• [PROBLEM DETAILS]: Nothing but the lines from the one holding "Muffins | Chocolate |" through the last line of the material below should be set down, exactly and without images.

• [DATA EXTRACT]:
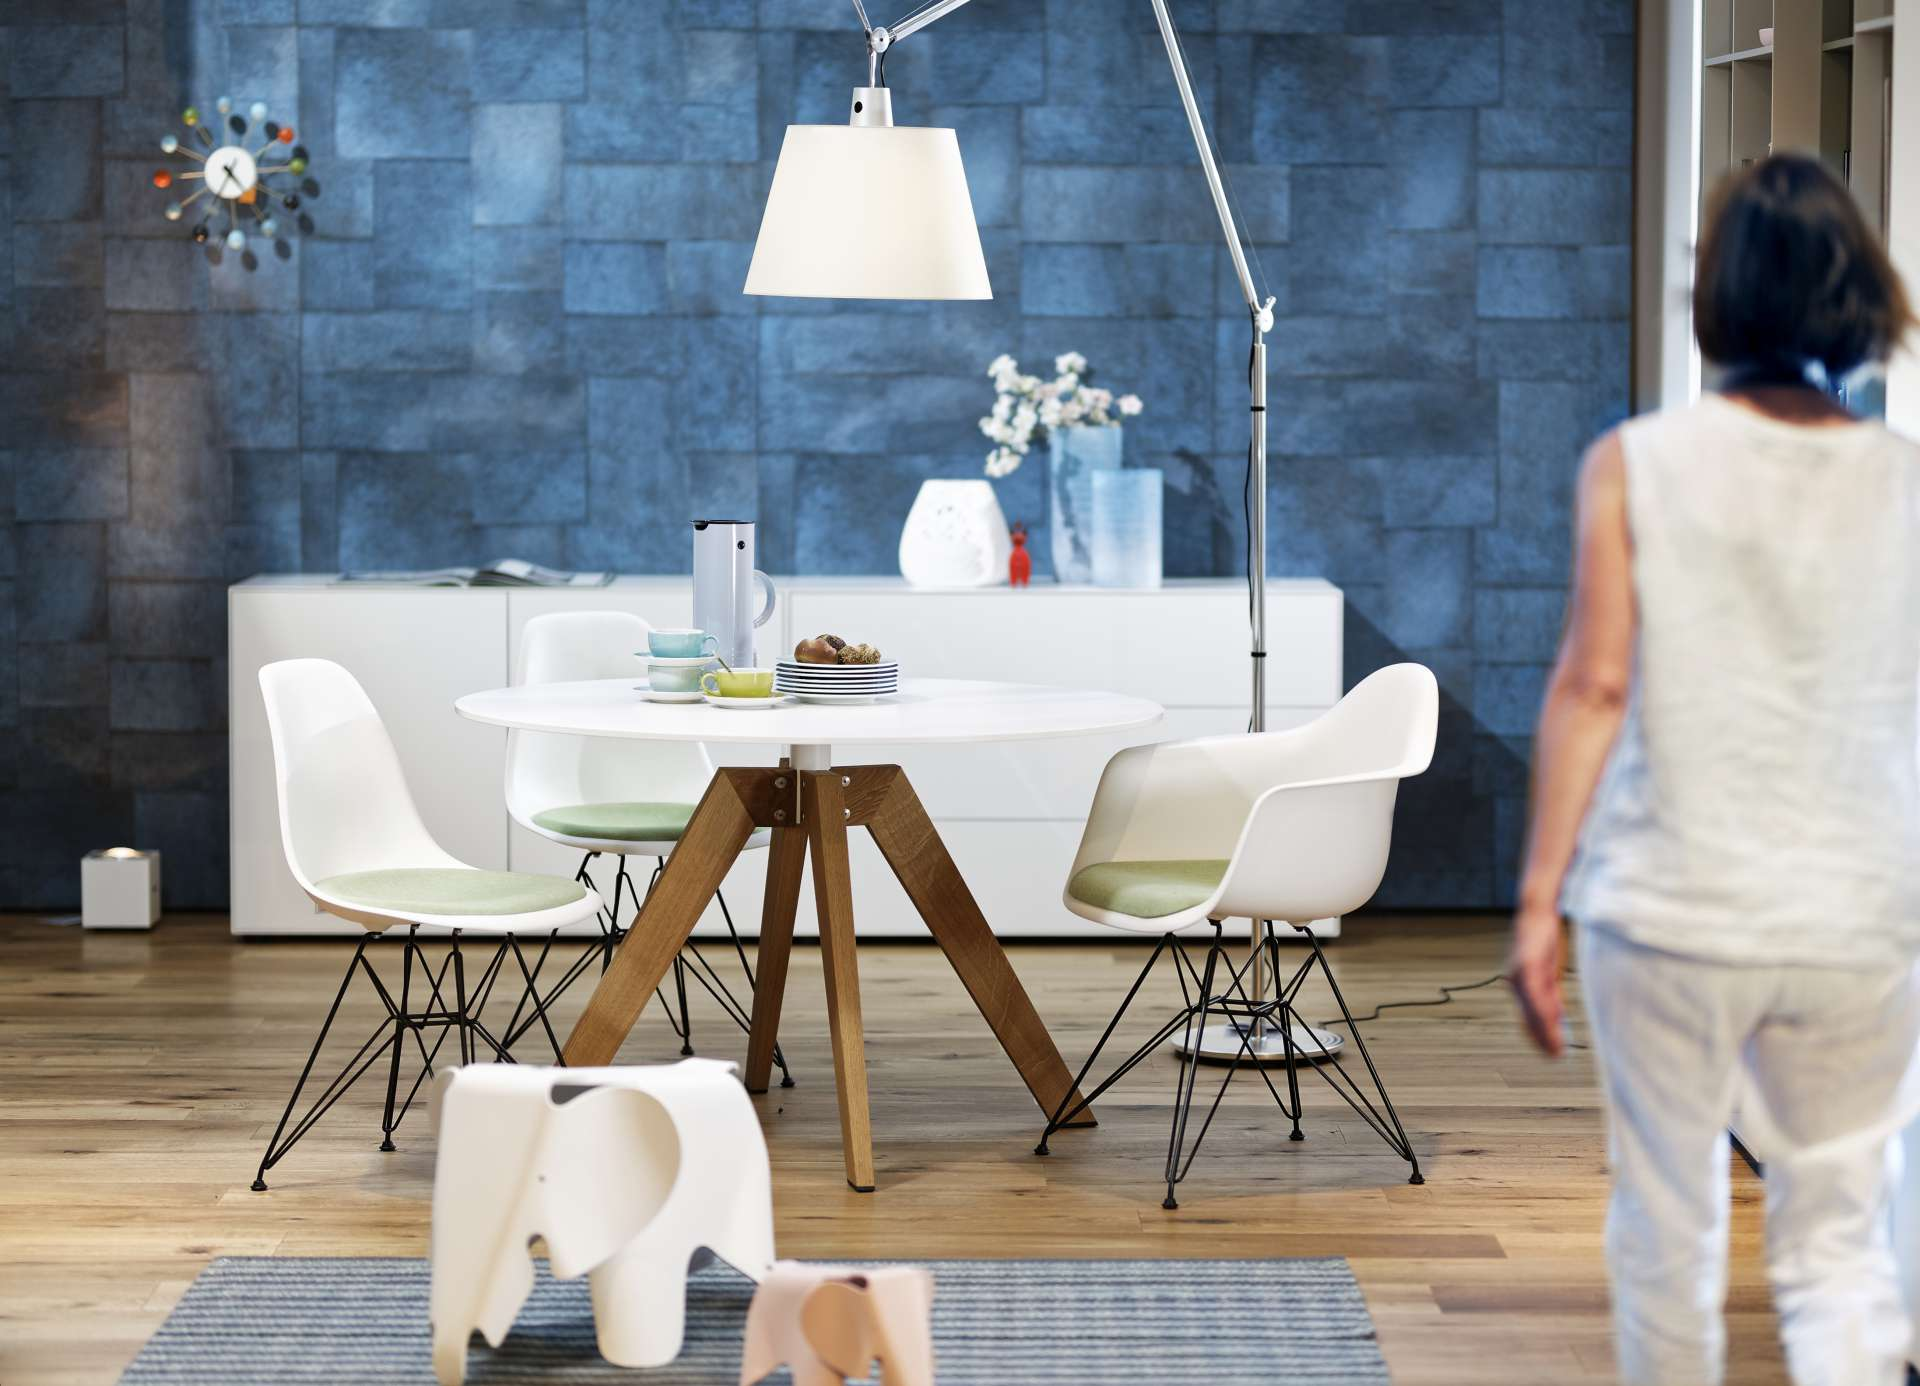 Lukaszewitz Laisen_2018_08_Essen_Sideboard Piure nex pur_Tisch asco Centro_Stuhl vitra eames chair
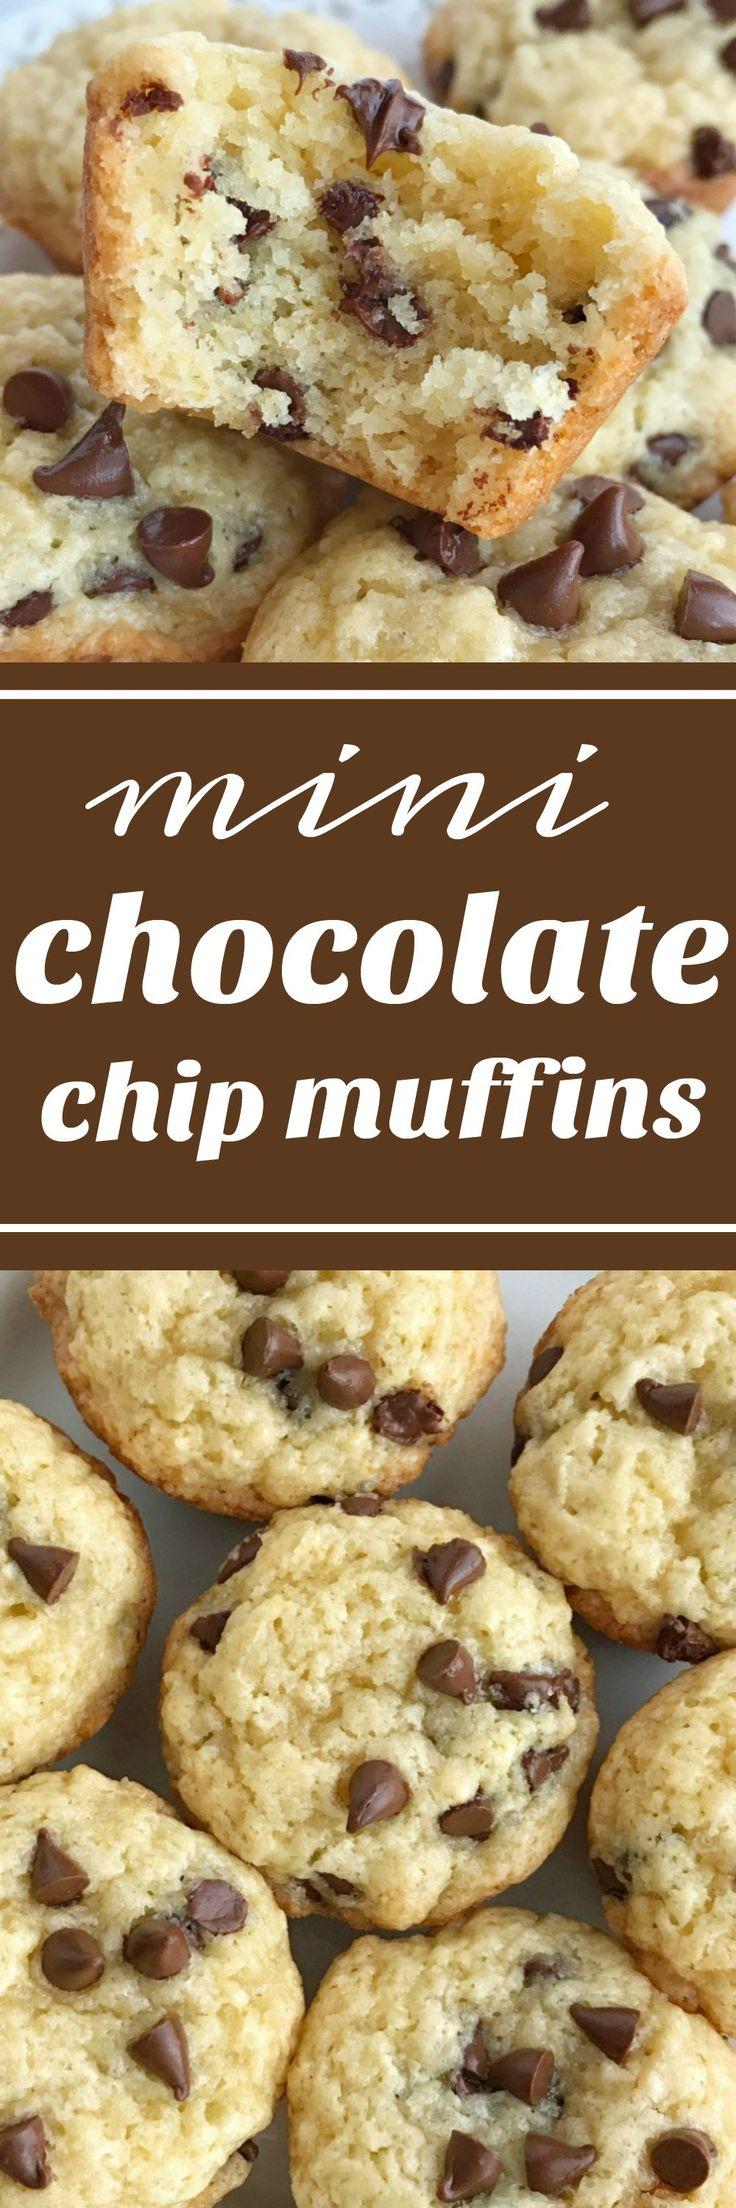 Muffins | Chocolate | Snack recipes | Mini muffins | Chocolate Chip Muffins | www.togetherasfamily.com #muffinrecipes #chocolate #minimuffins #chocolatechipmuffins
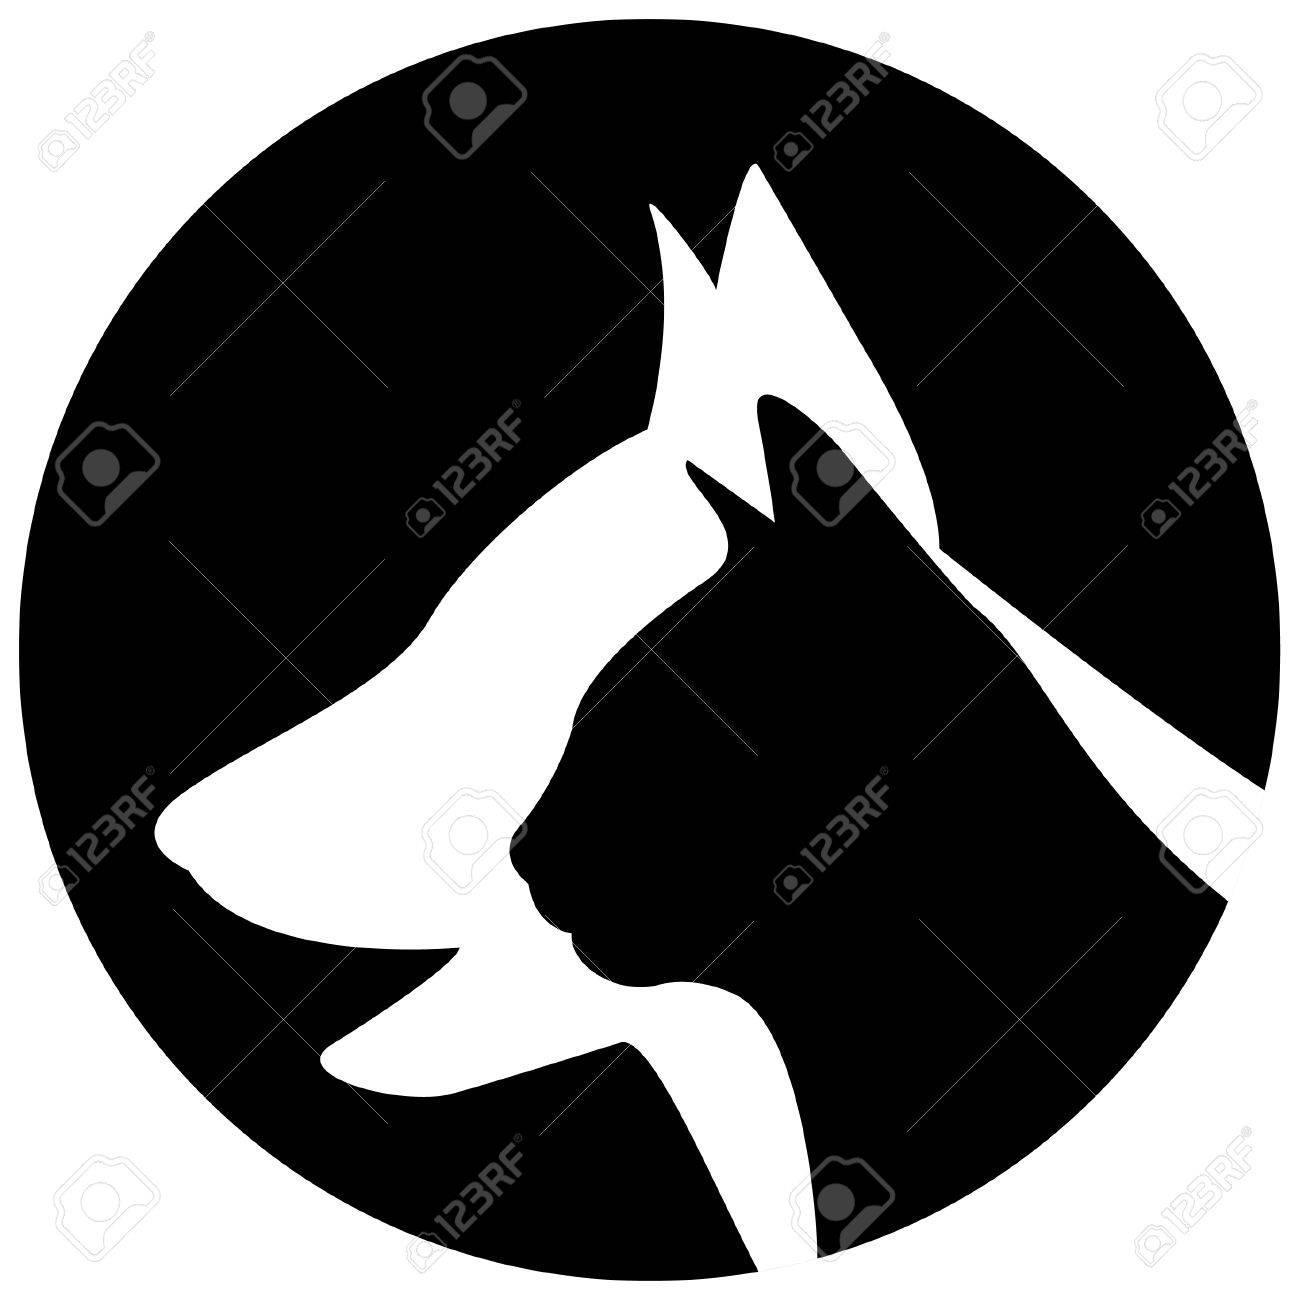 Veterinary logo Stock Vector - 3971198

• [EXERCISE RESULT]:
 Muffins | Chocolate | Snack recipes | Mini muffins | Chocolate Chip Muffins | www.togetherasfamily.com #muffinrecipes #chocolate #minimuffins #chocolatechipmuffins
 Veterinary logo Stock Vector - 3971198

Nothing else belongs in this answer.